Xyon pivoted in place, looking as if he wanted to walk in three directions at once. As if he had so much energy combined with so much frustration that he literally didn’t know what to do with it all. “I have to say, Kalinda, this has been a thrill for me. A genuine thrill. I am so damned glad I came back…”
“Why did you come back?” She folded her arms across her chest. “I mean, if you’d already decided that our lives were going to be so much better with you not in them, then what possible purpose was to be served by showing up now, out of the blue?”
“I told you! I heard you’d gotten engaged.”
“Right. To Tiraud.”
Feeling as if he’d been silent for long enough, Tiraud said, “No doubt you came to offer us your heartiest congratulations?”
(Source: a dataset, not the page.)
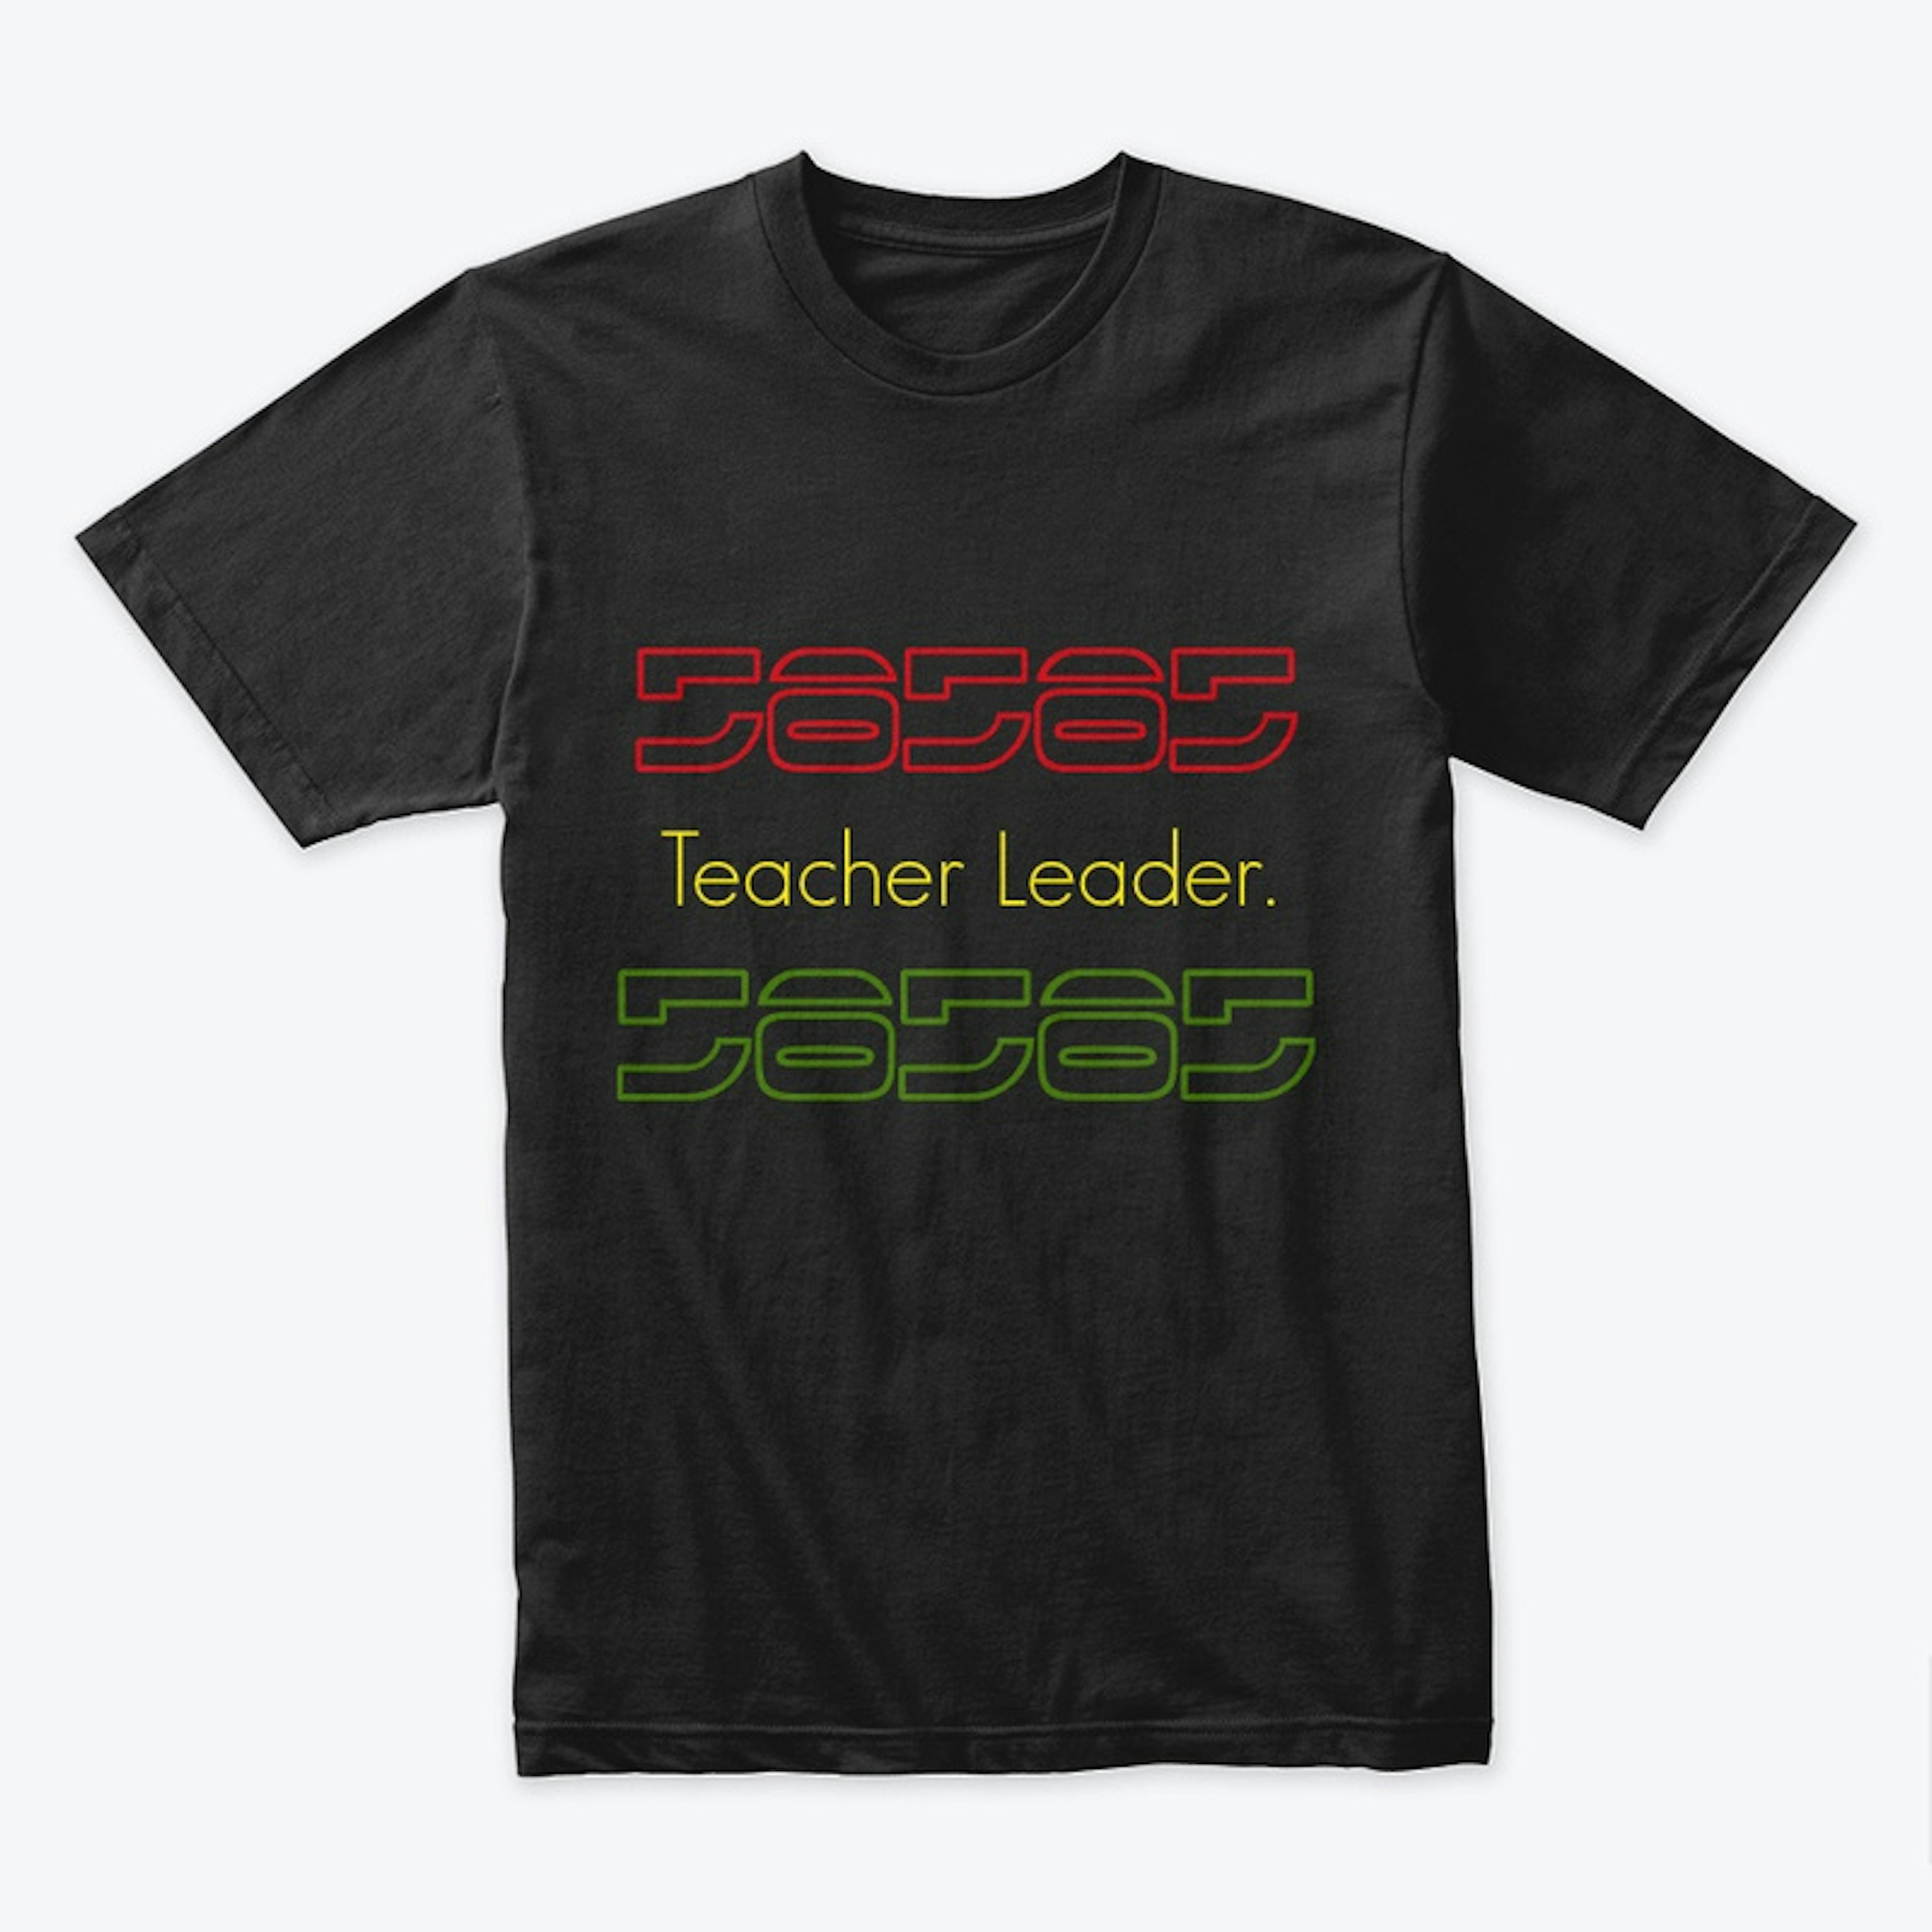 Teacher Leader.

Xyon looked him up and down with an air of such insufferable superiority that it made Tiraud want to wipe the look off his face. He restrained himself only because he knew that women’s sensibilities were not like men’s. As angry as Kalinda was at Xyon, Tiraud knew full well that—like any woman’s—her sentiments could turn 180 degrees on a moment’s notice. If Tiraud attacked and killed Xyon, as would undoubtedly be the case during any such altercation (because, ultimately, whatever fierce characteristics Xyon might possess, Tiraud was still nobility while Xyon was some…some brigand, as near as Tiraud could tell), then the martyring of Xyon could turn Kalinda completely against Tiraud.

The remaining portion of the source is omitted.